Next, maybe we can address the issue of maintaining the degree of driver patination indefinitely.....devil

8/6/20 4:48 p.m.

I have a 1971 BMW 2002 with what I would call "Perfect Patina". Original paint, a little bit of surface rust here and there, but nothing structural, 1970's cigarette butts still in the rear ashtray, a few dents from a light fender bender, and a nicely broken in interior. It gets more attentionthan most fully restored 2002s at car shows and I'm not scared to drive it. 

chrismseely New Reader
8/6/20 4:50 p.m.

slantsix Reader
8/7/20 11:00 a.m.

You can never really be afaraid to drive original "patinia" cars.. They are just as fun yet somewhat less stressful than the $100k+  resto that you just took delivery of.




Bardan New Reader
5/11/21 1:13 p.m.

I bought a Blazer last Aug that the patina matches the previous owners use. It sat around a lot so the paint faded, fiberglass was fuzzy and interior was good, but the stitching came undone where body contact is. When everyone first sees it they say "when are you going to restore"? After looking a while they say "leave it as is".

I did however vacuum out the ashtray!

cbcleland New Reader
5/11/21 4:12 p.m.

I recently purchased an '84 Scirocco that is all original and has been superbly preserved by two previous owners.  It has a dimple or two but nothing major and absolutely no rust.  The red paint had experienced some fading over the years so I took it to a local detail shop for help.  They buffed the paint back to its' original shine then applied a ceramic coating to (hopefully) protect that originality for many years to come.
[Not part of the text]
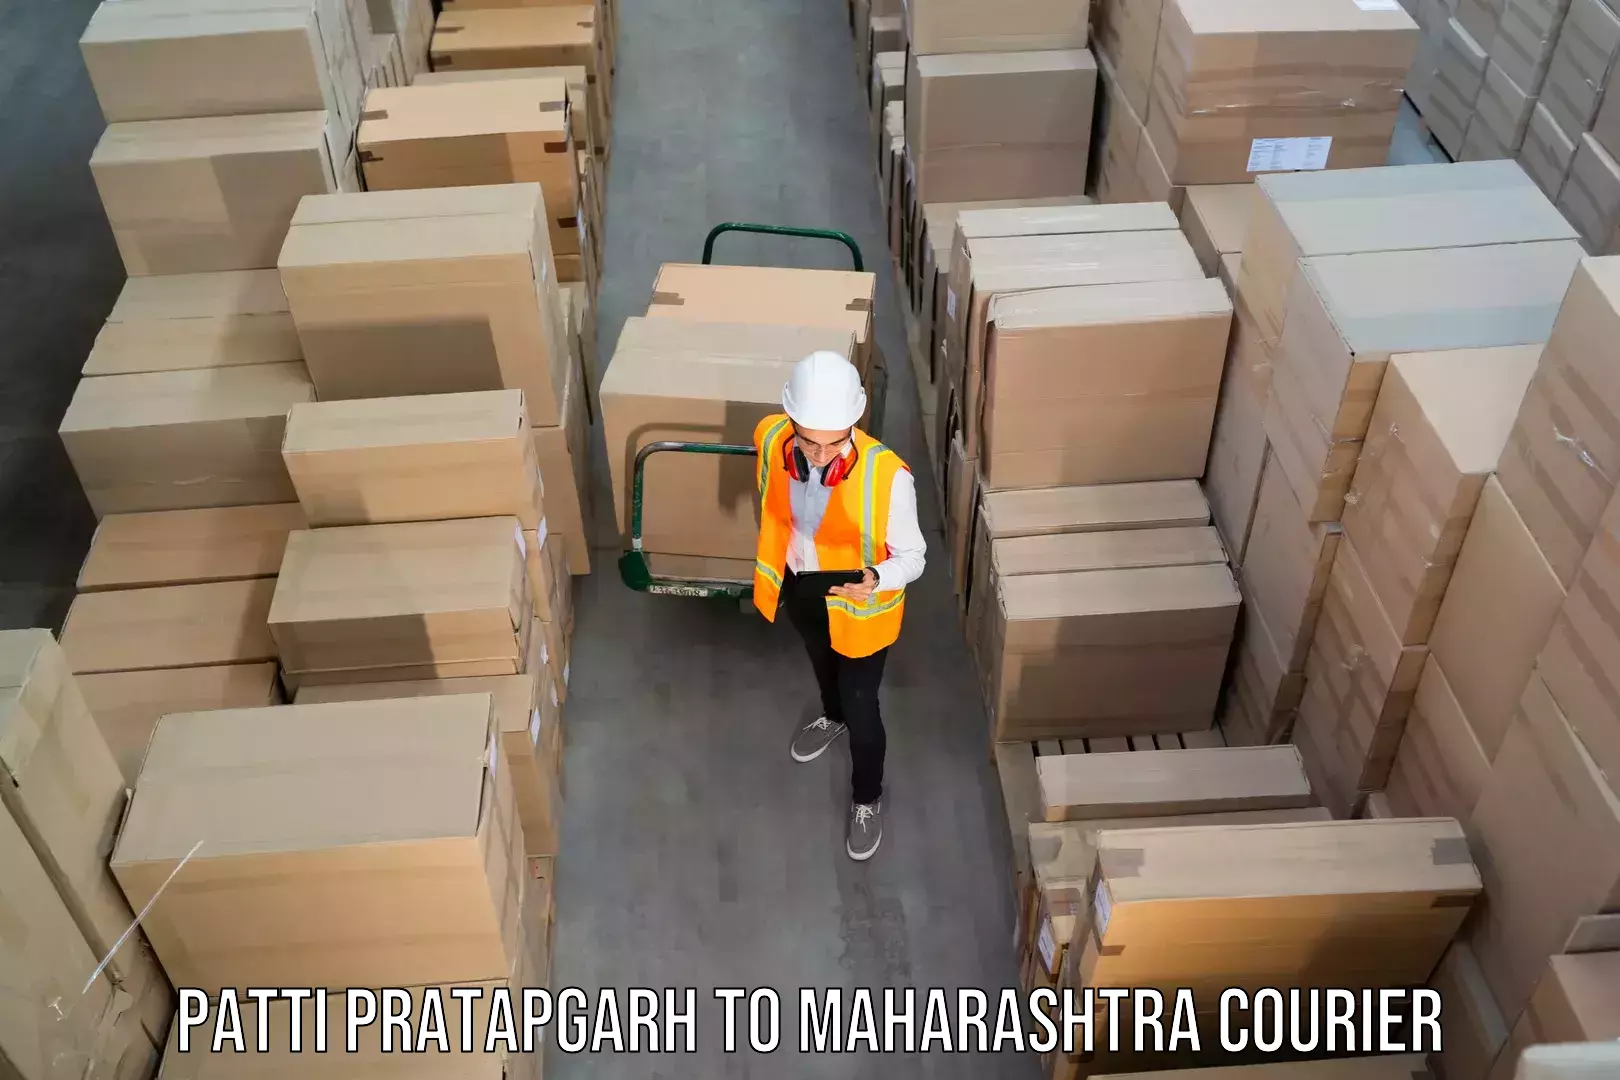 Reliable package handling Patti Pratapgarh to Koregaon

The Scirocco, unlike its' GTI sibling, is not high dollar car; so it made sense to preserve the existing finish rather than spend big bucks on a repaint.  As you say, it's only original once.

wspohn SuperDork
5/12/21 12:09 p.m.

One issue on some of the British cars I have restored is that the thread used to sew the leather panels in the seats rots while the leather itself either stays in decent shape or can be brought back to decent shape with a program of leather food.  It is labour intensive to save original seats as it requires hand stitching to match the existing holes in the leather, rather than machine stitching, but I think the end result is better than brand new seat covers that rarely look original.